**Provided material:**
>>>

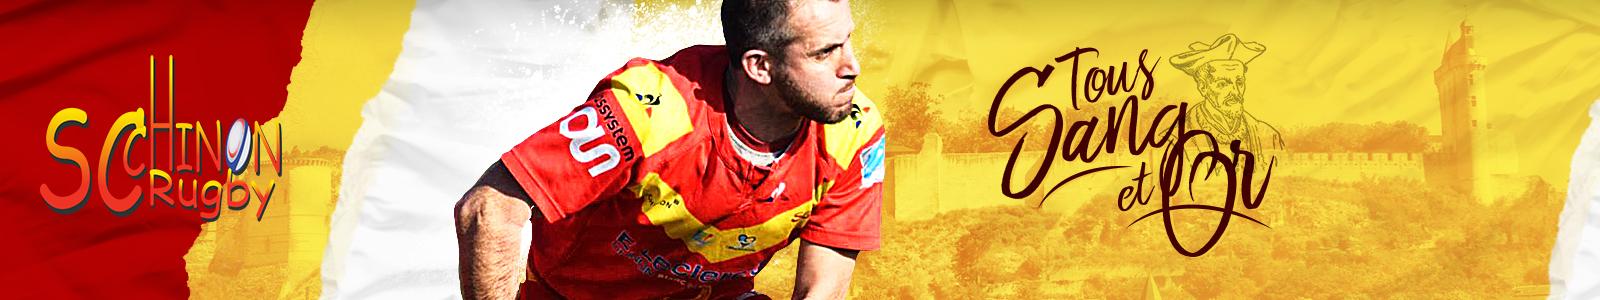 Sporting Club Chinonais Rugby : site officiel du club de rugby de CHINON - clubeo
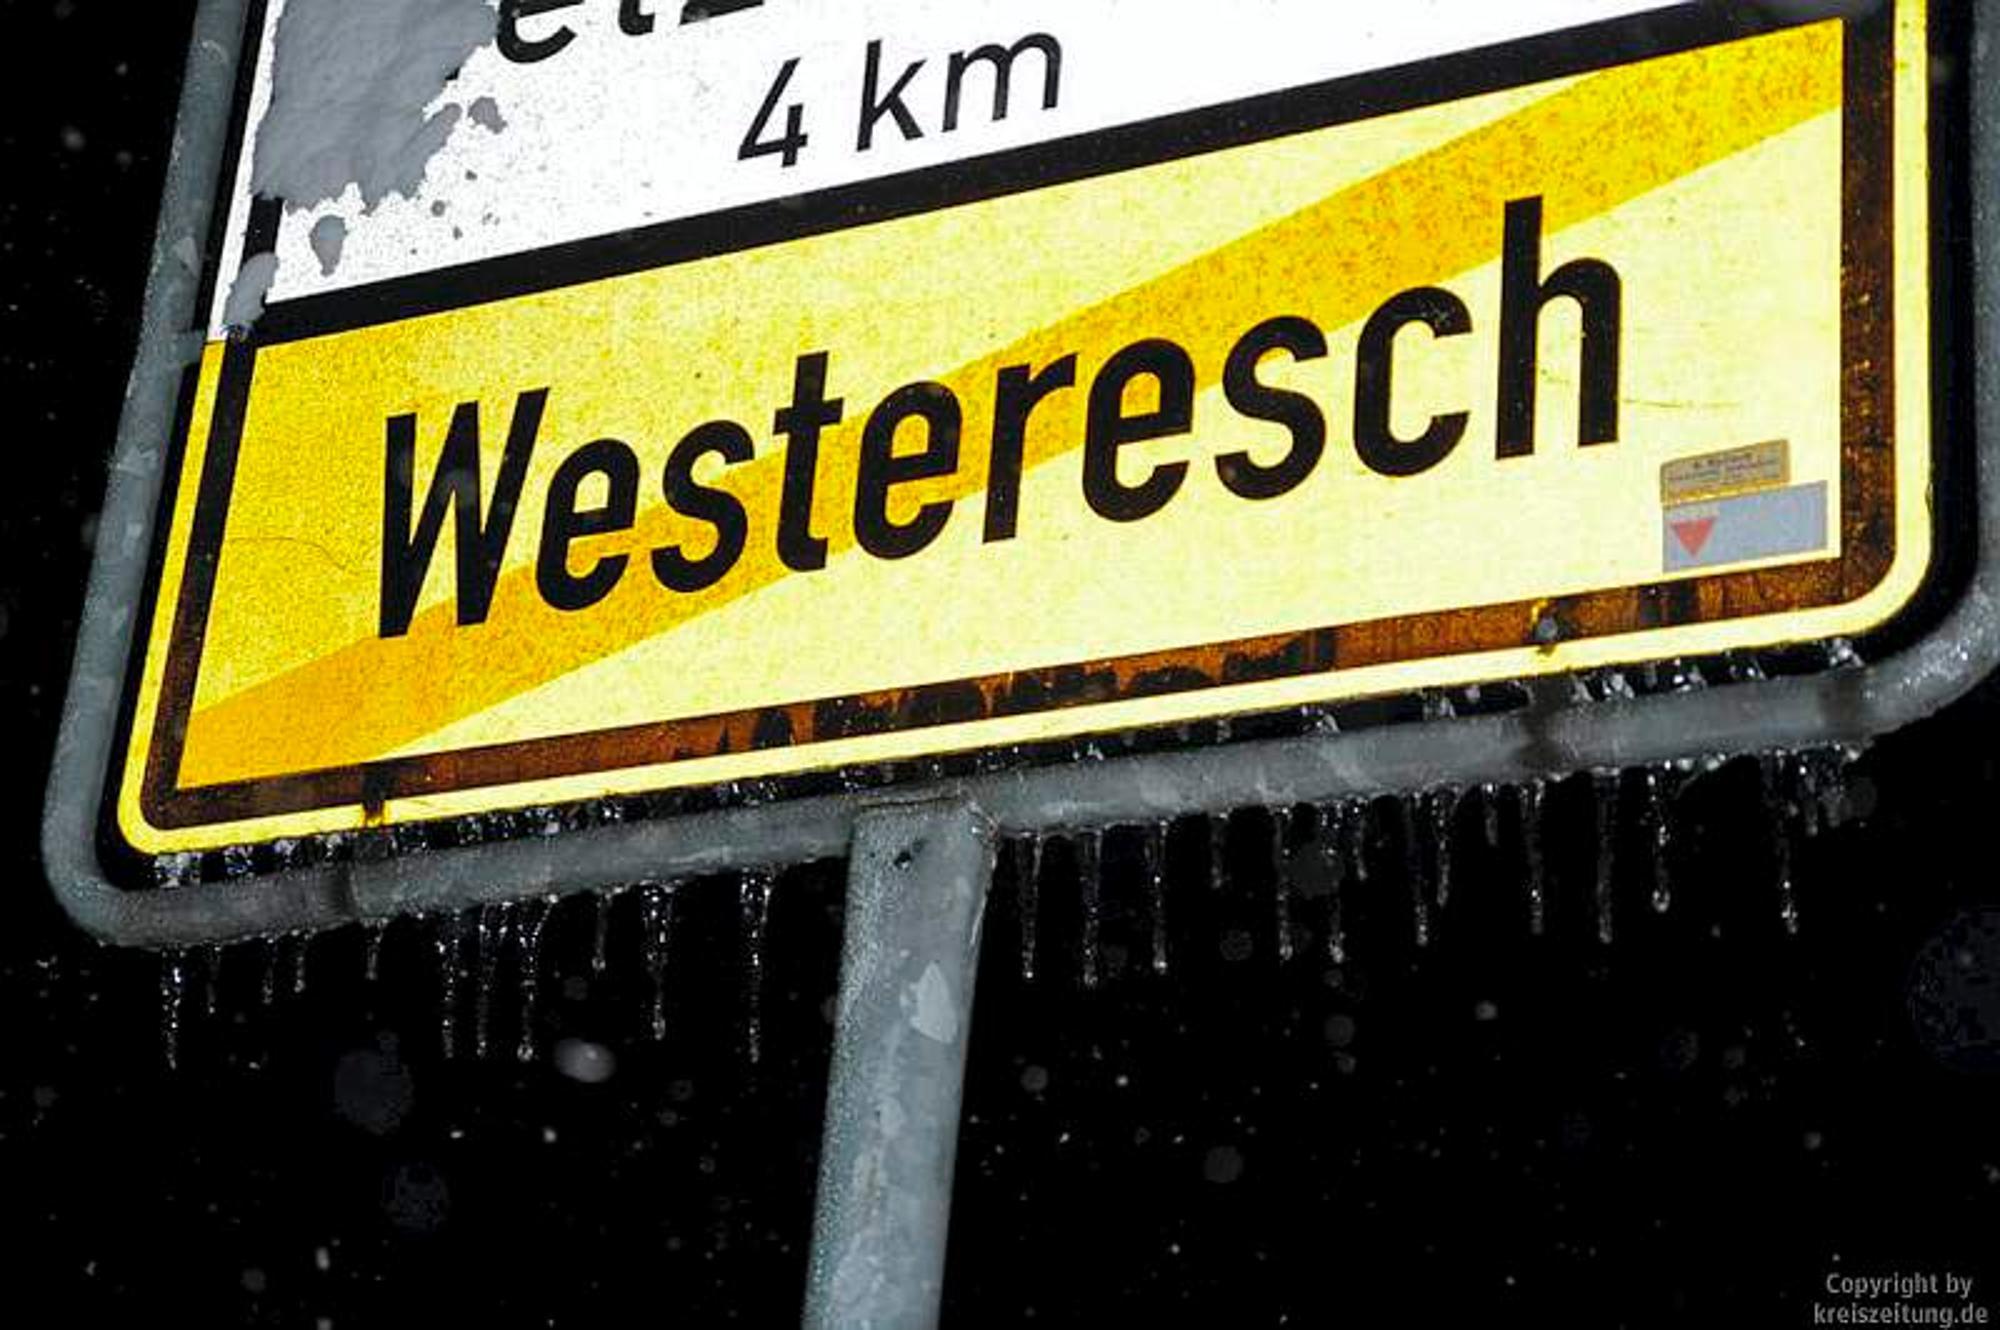 Kuhmühlen trotz schneeglätte revival im westerescher hof zieht gäste
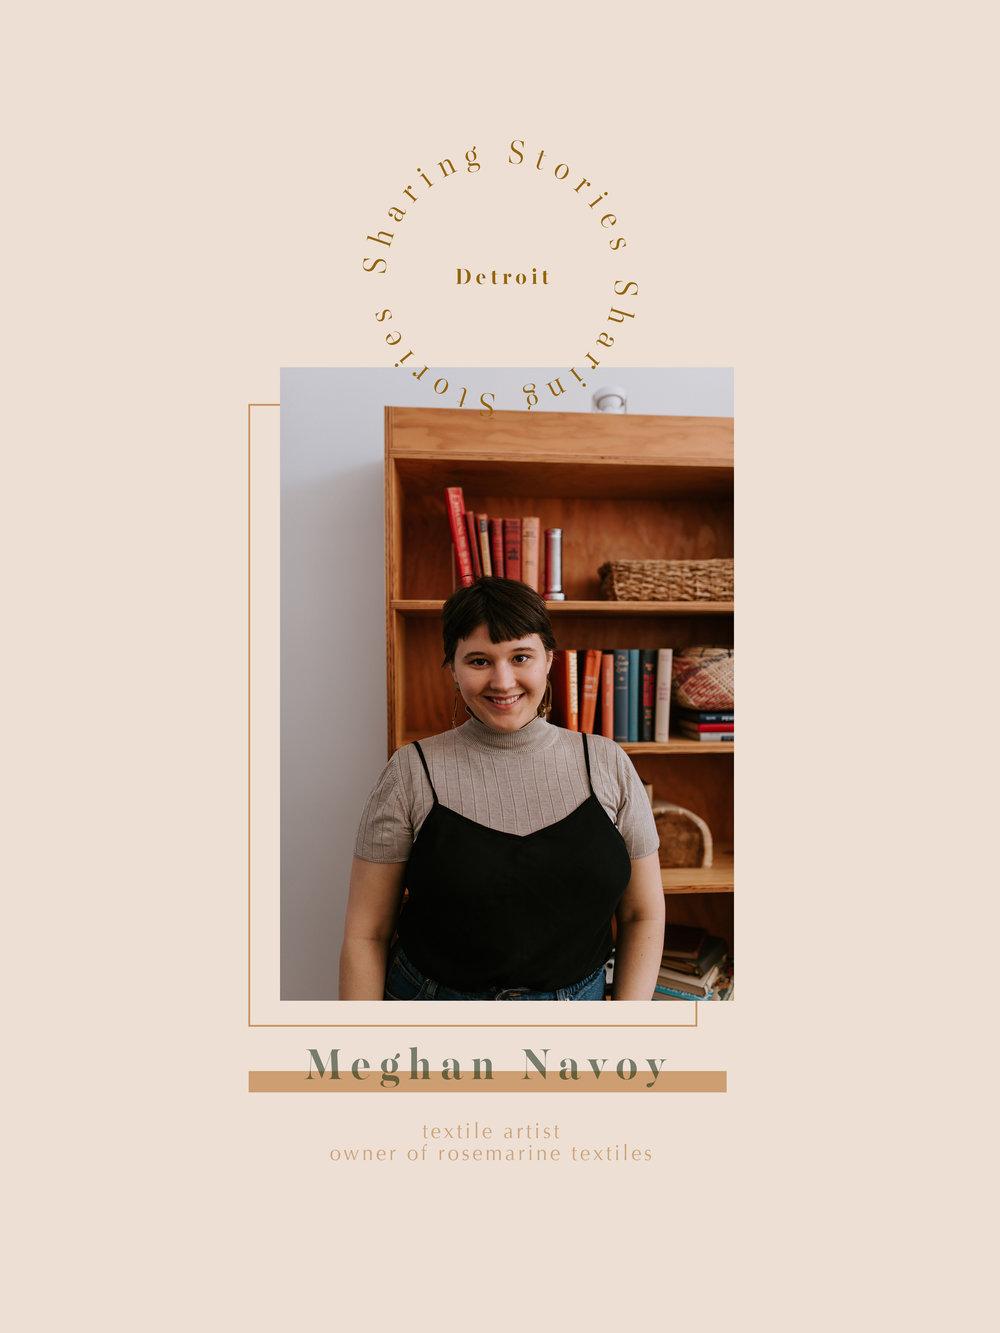 Meghan Navoy (me) owner of Rosemarine Textiles - textile artist and biz lady extrordinaire ;)
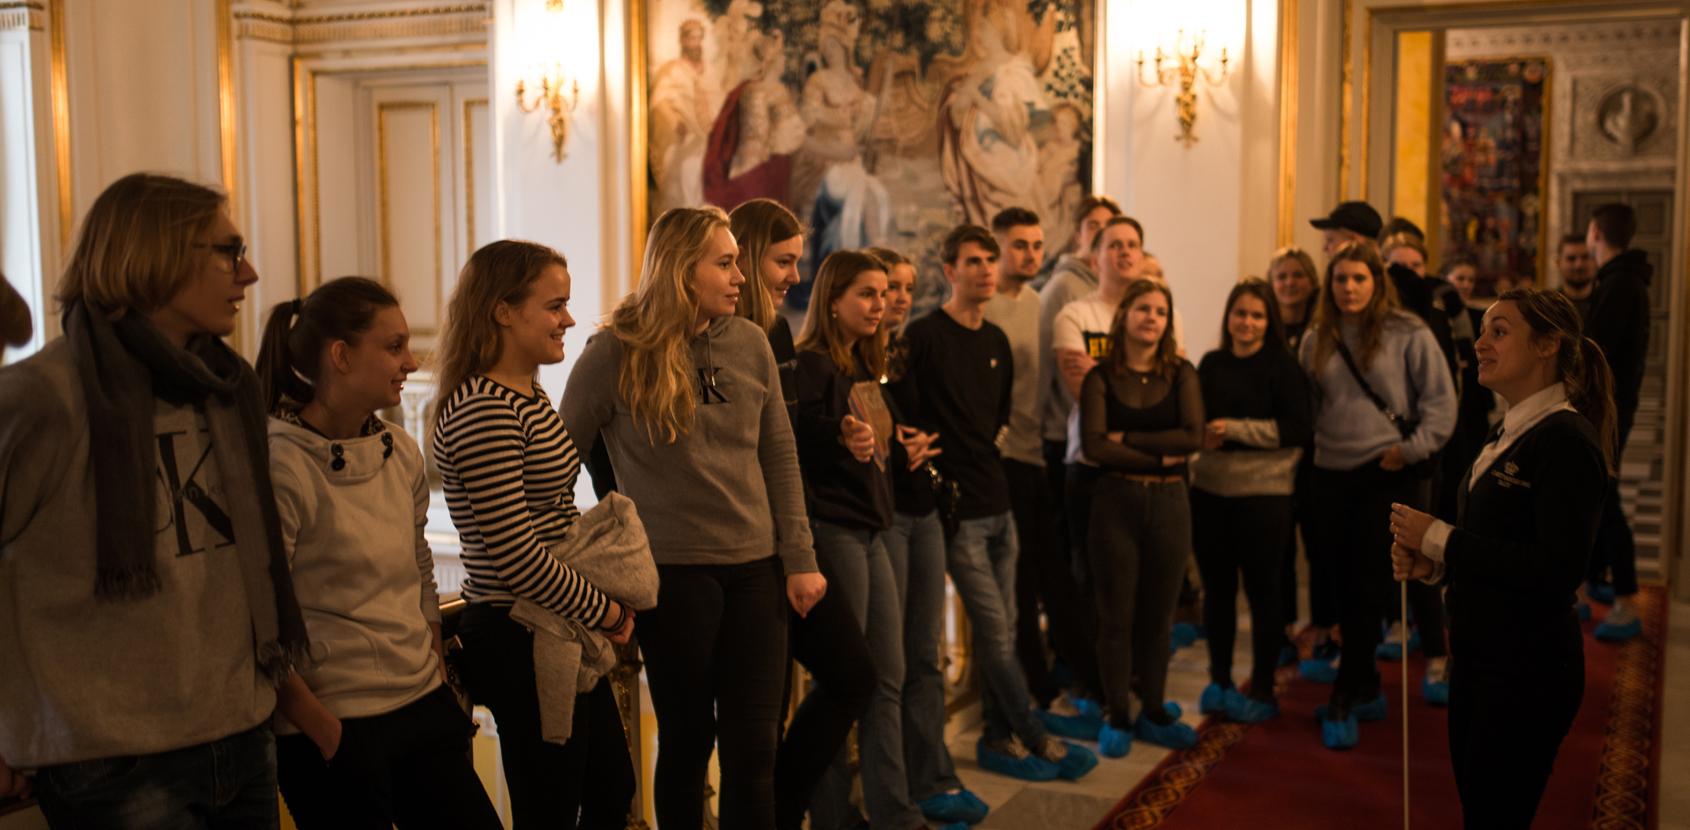 Undervisning på Kongetrappen_Christiansborg Slot_Foto Silas Staal.jpg

<<<

**About this exercise:** With the pictures left out, output exactly the lines that begin at the line containing "Kuhmühlen trotz schneeglätte" and end at the last line of the material.

**Written response:**
 Kuhmühlen trotz schneeglätte revival im westerescher hof zieht gäste
 Meghan Navoy (me) owner of Rosemarine Textiles - textile artist and biz lady extrordinaire ;)
 Undervisning på Kongetrappen_Christiansborg Slot_Foto Silas Staal.jpg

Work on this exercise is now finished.